With our countdown to hubby's deployment date now in single digits, I am pretty much freaking out.
I may look calm, sitting here licking my ice cream cone (today's craving) while I type one-handed......but on the inside I am so stressed about everything! I'm not READY! I expected to have so many things done by now.....I know the baby won't even BE here for 5 more months, but I really wanted hubby to be invloved in some of the baby prep stuff......like painting the nursery, assembling the crib, you know, all the FUN stuff. (the stuff Mommies tell Daddies is 'fun' so they will help us)

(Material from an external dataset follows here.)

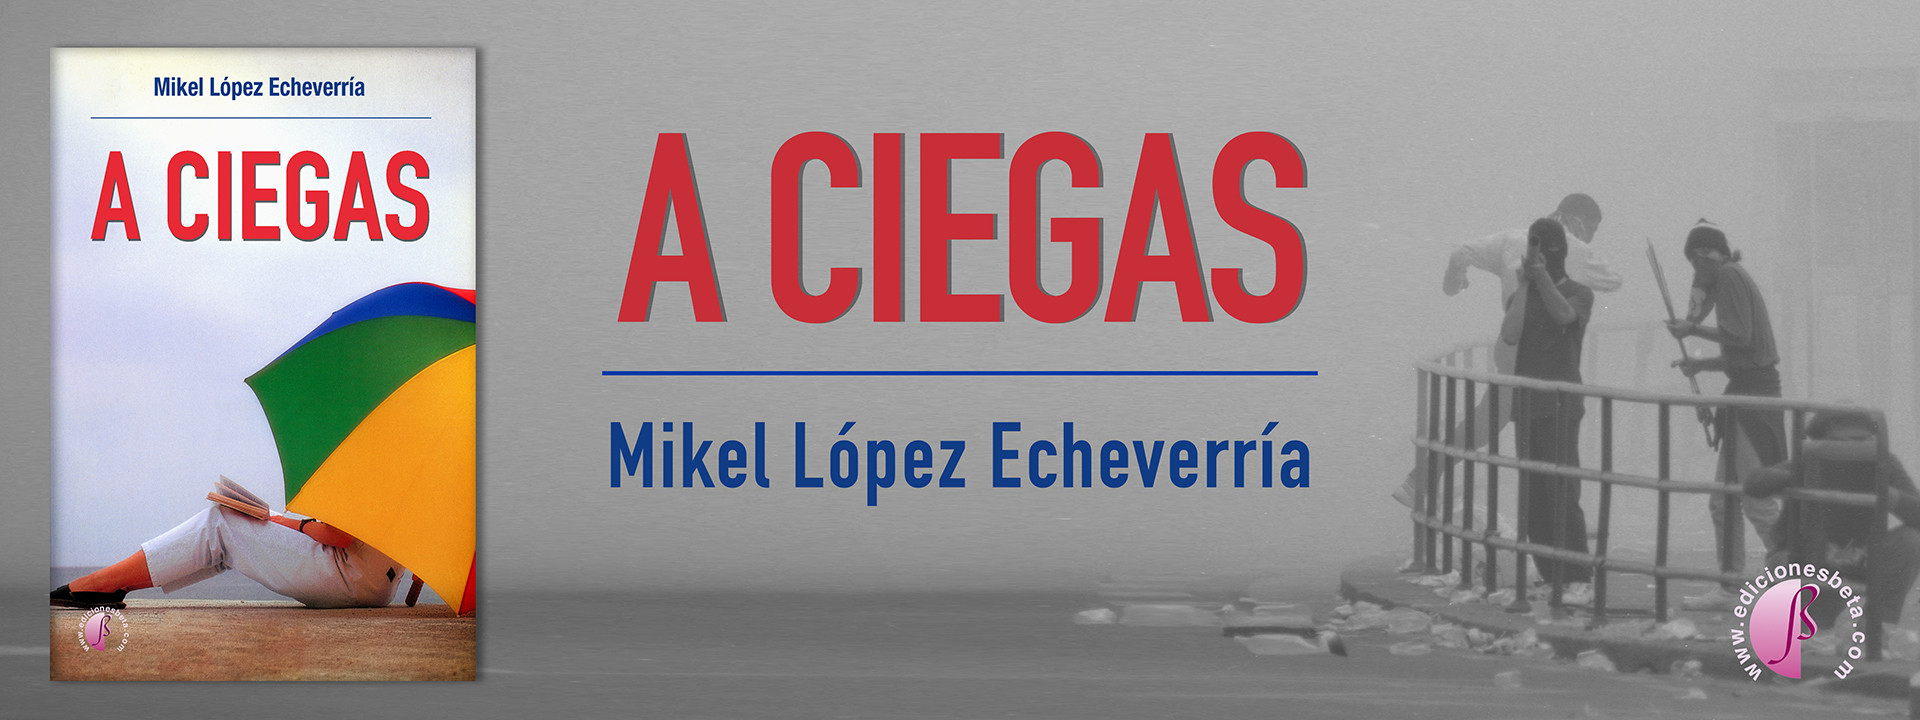 A ciegas - Mikel López Echeverría

I did pick up paint chips yesterday to find the exact right wall color, but there is simply NO WAY hubby will have a chance to do anything with this before he leaves. I know his sister loves to paint rooms, and has already agreed to come and help me with the nursery, but I am bummed that hubby won't see the magical transformation I am envisioning in the nursery. Sure, he will see the final result, but its just not the same.
So why am I even wasting time worrying about this, when there is obviously NOTHING I can do about it?
Because it takes my mind off the bigger worries. This particular stress is sort of a vacation for my mind.
There are just SO MANY things we haven't had time to do, and now I am frantically budgeting time trying to prioritize what really MUST be done before this baby's daddy leaves. Might be easier if he and I could agree on some of these things, but at the moment our priorities appear to be very different. For instance, in his world, sleep is not optional. In mine, sleep is an absolute luxury, which I have not been able to get much of lately.
But the sleep thing is my own fault, as I am choosing to stress over little stuff (guaranteed to keep you awake, no matter how tired you are!)
I know, I really do need to knock it off. Not good for the baby and all that.
Hence the ice cream cone.
Trying to just RELAX.
And let go of all the 'plans' that must now be scrapped because we are OUT OF TIME.